Are we solving problems that don’t exist?
Image by midjourney prompt by the author.

Are we solving problems that don’t exist?

Are we spending too much time on made-up problems that will never succeed as they are only imagined?

Remko Vermeulen (1) is credited with saying “75% of startups fail because they are solving problems that don’t exist.” Could this be true for every business, not just startups? If maybe not 75%, then still a significant 35% or 24%?

How can this happen? How can we so consistently invest in problems that don’t exist?

1. It’s not you it’s your model

Every decision is based on an assumption of what the world looks like. Nobody has an exact 1:1 model of the world in front of them when they make a decision, and so we use a lens and a filter to fit some information into a narrative of the real world which we would like to be true and that we could act on. We call these mental models (2).

Mental models are how we understand the world. Not only do they shape what we think and how we understand, but they shape the connections and opportunities that we see (2).” — Farnam Street

In order to make decisions together, we sometimes externalize our insights and understanding into models that visualize and/or organize the world, for example, customer journeys, business models, personas, SWOTs, etc.

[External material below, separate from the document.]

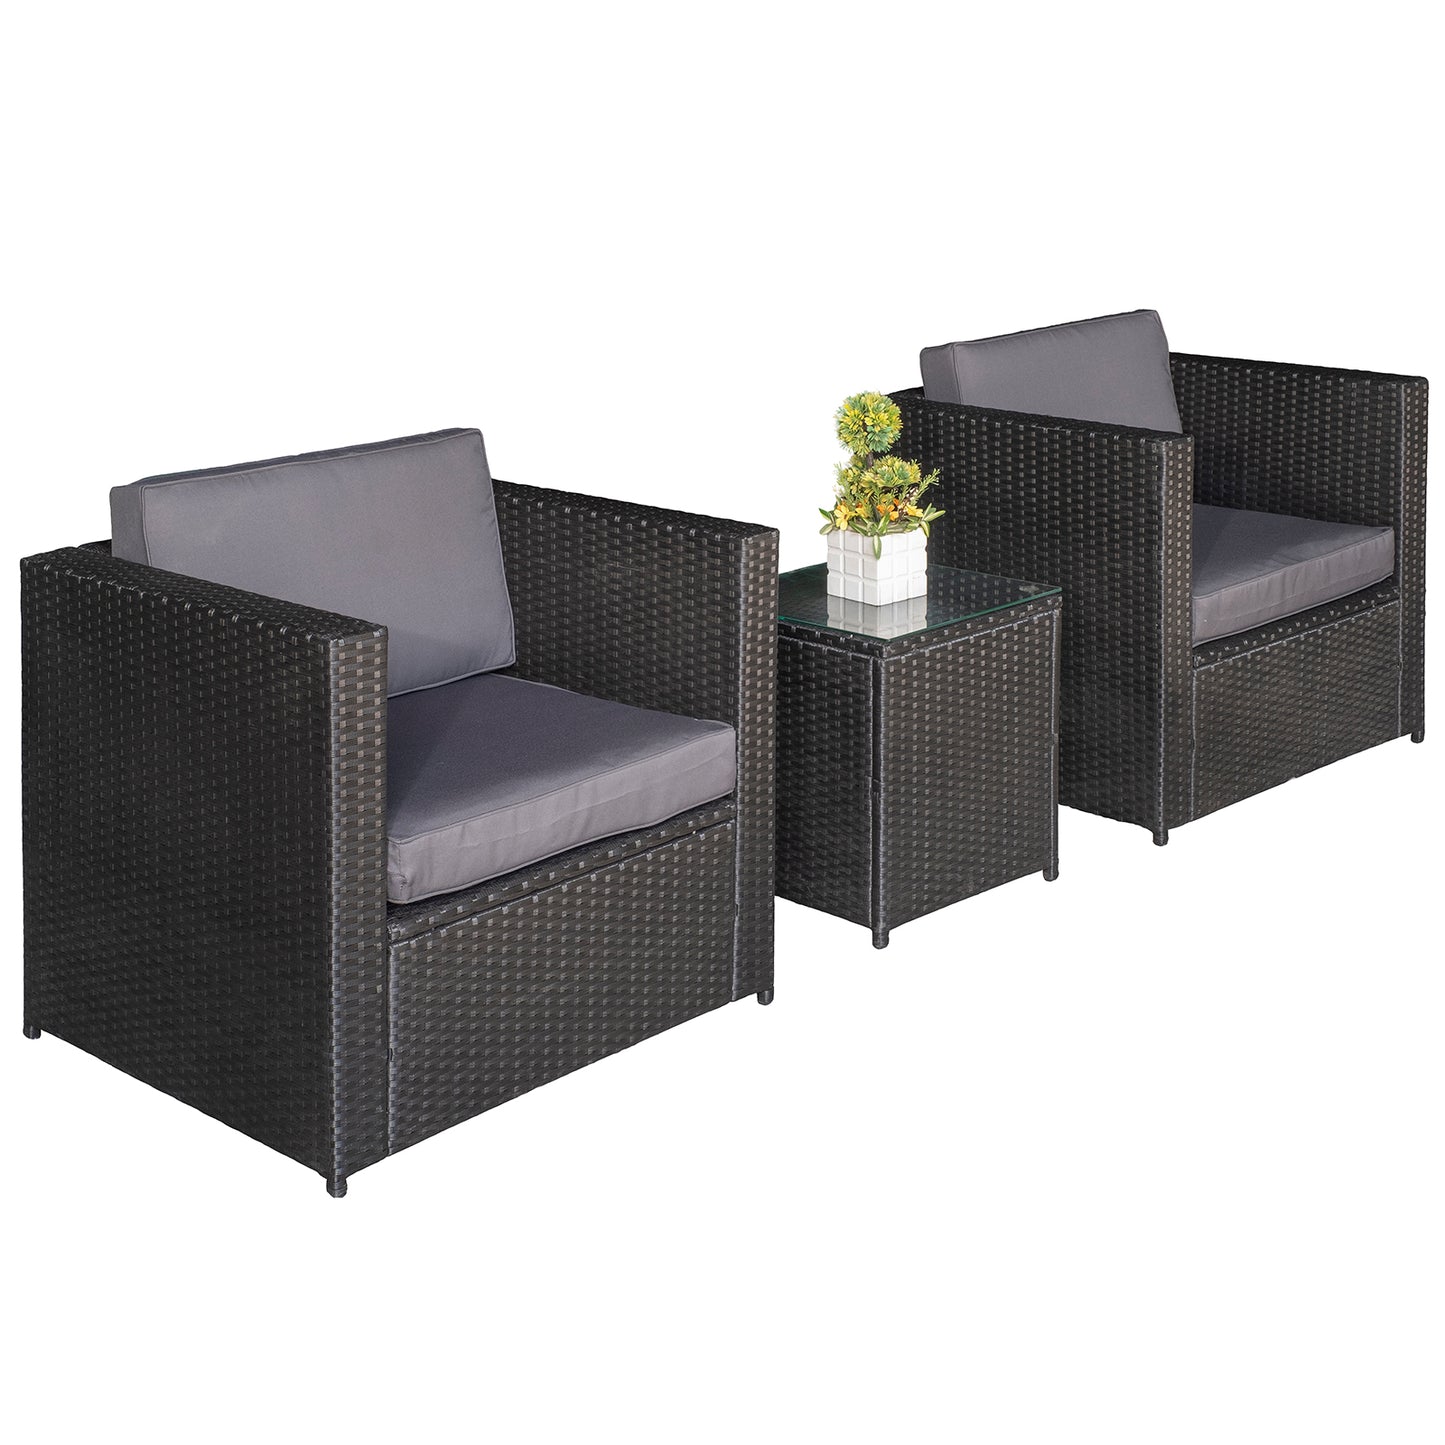 Outsunny 3 Pcs Rattan Sofa  Furniture Set W/Cushions, Steel Frame-Black
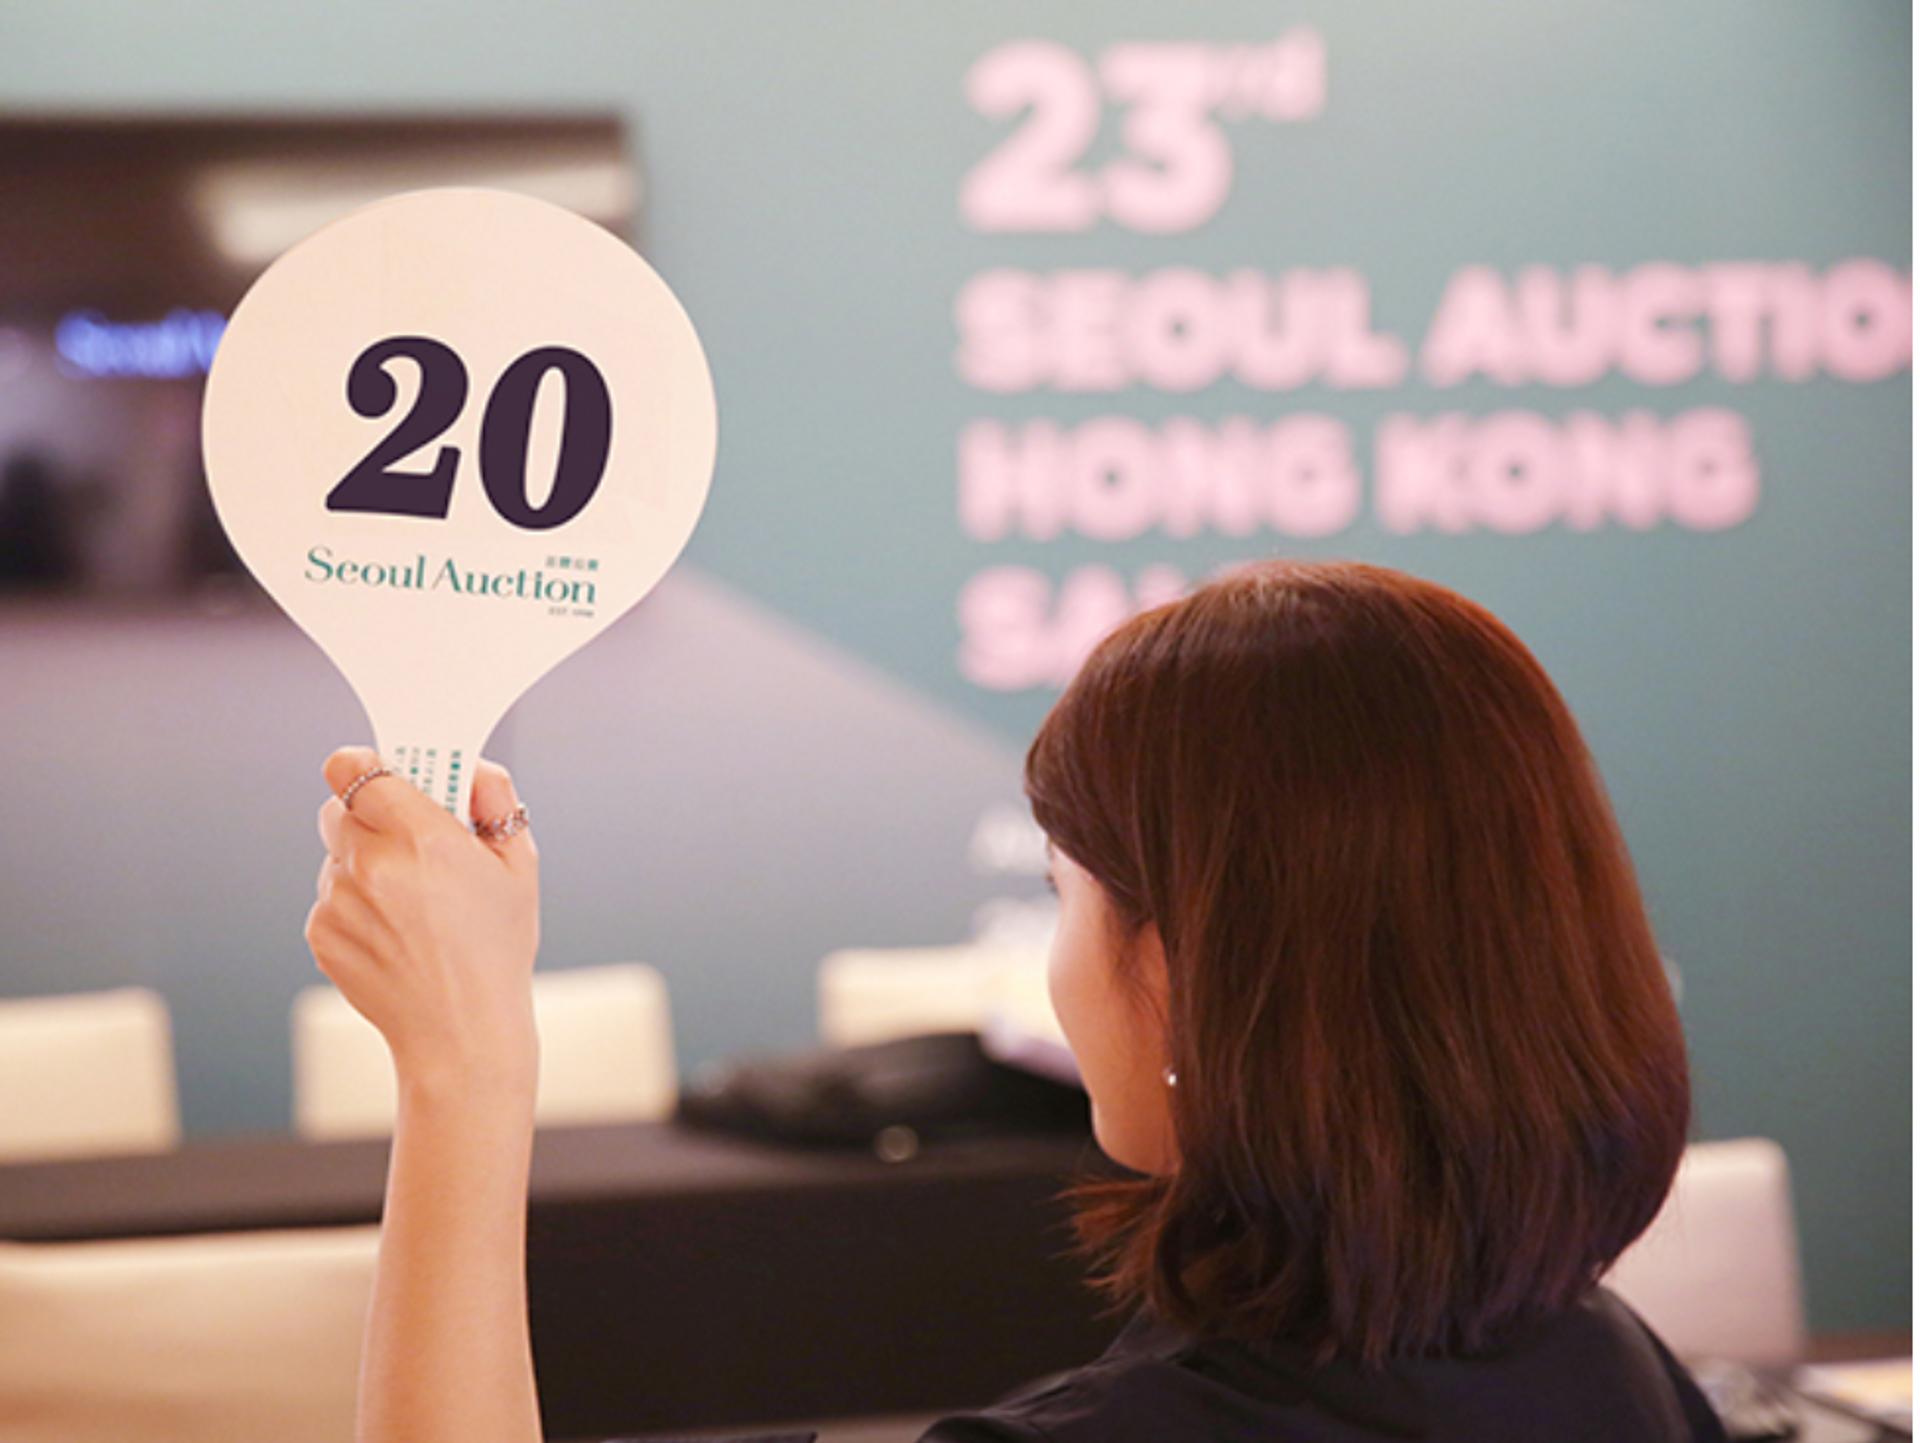 A live sale at Seoul Auction, one of Korea's largest auction houses. Courtesy of Seoul Auction

A Customer Journey Map template

The challenge with models though is that they are simplifications, they have to be. They filter out information that might be significant, and they do this without us even noticing.

Because of this, every model has a bias. It decides for you which information is important and which is not (3). And if your model is wrong, your perfect solution will be solving a problem that exists in your model and nowhere else.

Your perfect solution will be solving a problem that exists in your model and nowhere else.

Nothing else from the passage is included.